An Australian Research Data Repository

2012-02-14

By Peter Sefton and Peter Bugeia, with input from the UWS eResearch community and beyond

About this post

During 2012 The University of Western Sydney (UWS) will be rolling out a Research Data Repository (RDR). Peter Bugeia from Intersect put together the project proposal which secured the budget to move ahead with this project and Andrew (Alf) Leahy has been organising storage for research groups on request, ahead of the RDR becoming properly operationalised.

Part of this RDR project will be a project funded by the Australian National Data Service (ANDS) under the Metadata Stores programme. There will be a number of meetings over the next couple of months where Australian Universities discuss how they are going to spend their Metadata Stores money. There is a great opportunity for organisations running similar software architectures and solutions to pool their development resources; we’ve already spoken with Newcastle about this. We hope this preliminary material will help others in the community work out how much we have in common or tell us where we might be able to improve things.

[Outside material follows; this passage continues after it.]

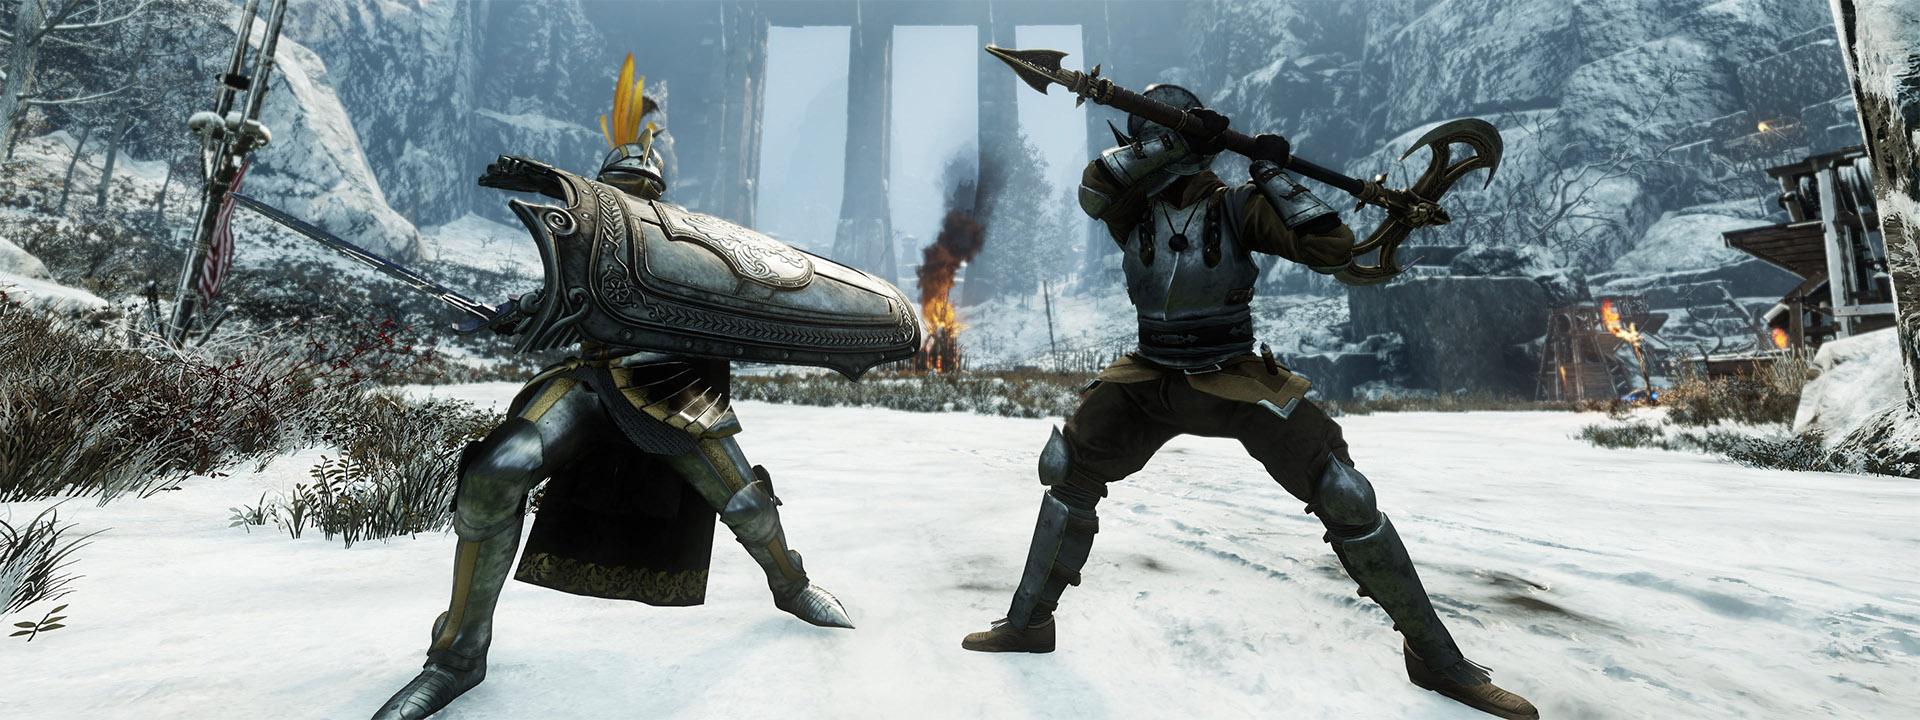 Ein Screenshot von zwei kämpfenden New-World-Charakteren.

More on that at the end of the post.

Before we go on, about that term ‘Metadata Stores’

In ANDS speak, a Metadata Store is something that has all the metadata about research data and associated entities like parties (people, organisations) and activities (grant funded projects for example), in order that collection descriptions (of research data) can be published to their search service Research Data Australia (RDA).

But in many organisations we’re lacking the most important thing. We don’t have the descriptions of research data to suck up into a ‘metadata store’. Yes, there are data capture projects, lots of them which will attempt to automate to some extent the packaging process, but there’s a lot of stuff out there that won’t get captured this way. And even with automated data capture, someone still has to write the human readable description as a framework for the automated part. Many of us are getting librarians involved in this enterprise Why? They’re good at it. From a library point of view, this is a growth area, in a time when many other functions of the library are changing and/or disappearing.

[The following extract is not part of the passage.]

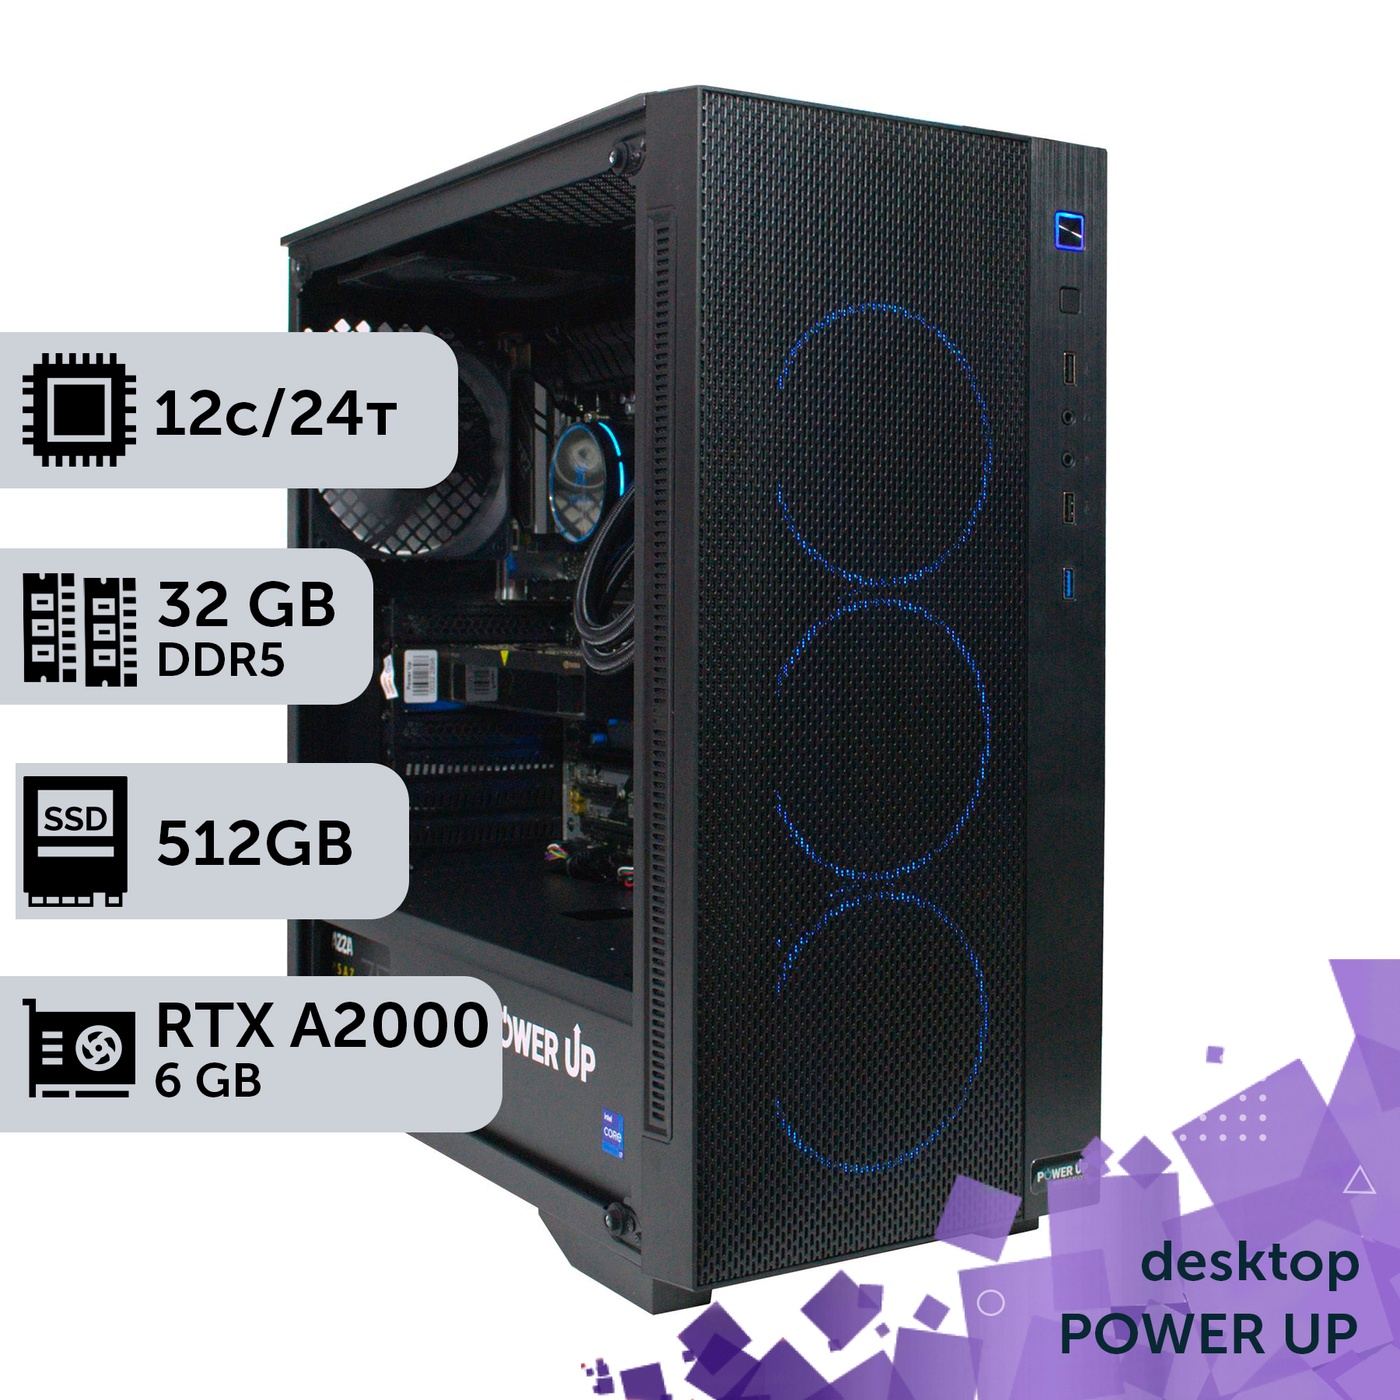 Робоча станція PowerUp Desktop #267 Ryzen 9 7900x/32 GB/SSD 512GB/NVIDIA Quadro RTX A2000 6GB

Describing collections is a key part of this whole ANDS agenda, which strangely sometimes gets a bit forgotten. For example, in this diagram from the ANDS website, “collection descriptions” appear only outside of the institution. When working on these projects it’s important to keep thinking about where these descriptions are going to come from.

ANDS diagram showing Collection Descriptions in the Research Data Commons. But think: who's going to provide the descriptions in the institution – they’re not going to manifest spontaneously as they appear to here!

The RDR

The repository will consist of two main components:

A scalable storage service linked to a combination of local and cloud-based high performance computing. Some data may also reside in other, trusted storage systems such as national infrastructure or discipline repositories with suitable governance in place.
A catalogue of research data for internal use in management, and external use in dissemination and collaboration.

Unlike a typical monolithic Institutional Repository (IR) the storage and catalogue services are disaggregated, because the data involved can be large and is much more varied in nature than the typical contents of an IR. Also, some data will reside in trusted data stores outside of the central storage supplied by IT. Not to mention that some of it is on paper and some on obsolete digital media.

But the project is about much more than supplying storage and computing. It is about creating an organisational capability and culture of managing research data throughout the research lifecycle. We aim:

To enable research in all disciplines at UWS to take place efficiently and effectively on existing and new data sets.

To enable the validation of research through appropriate management of data inputs and outputs.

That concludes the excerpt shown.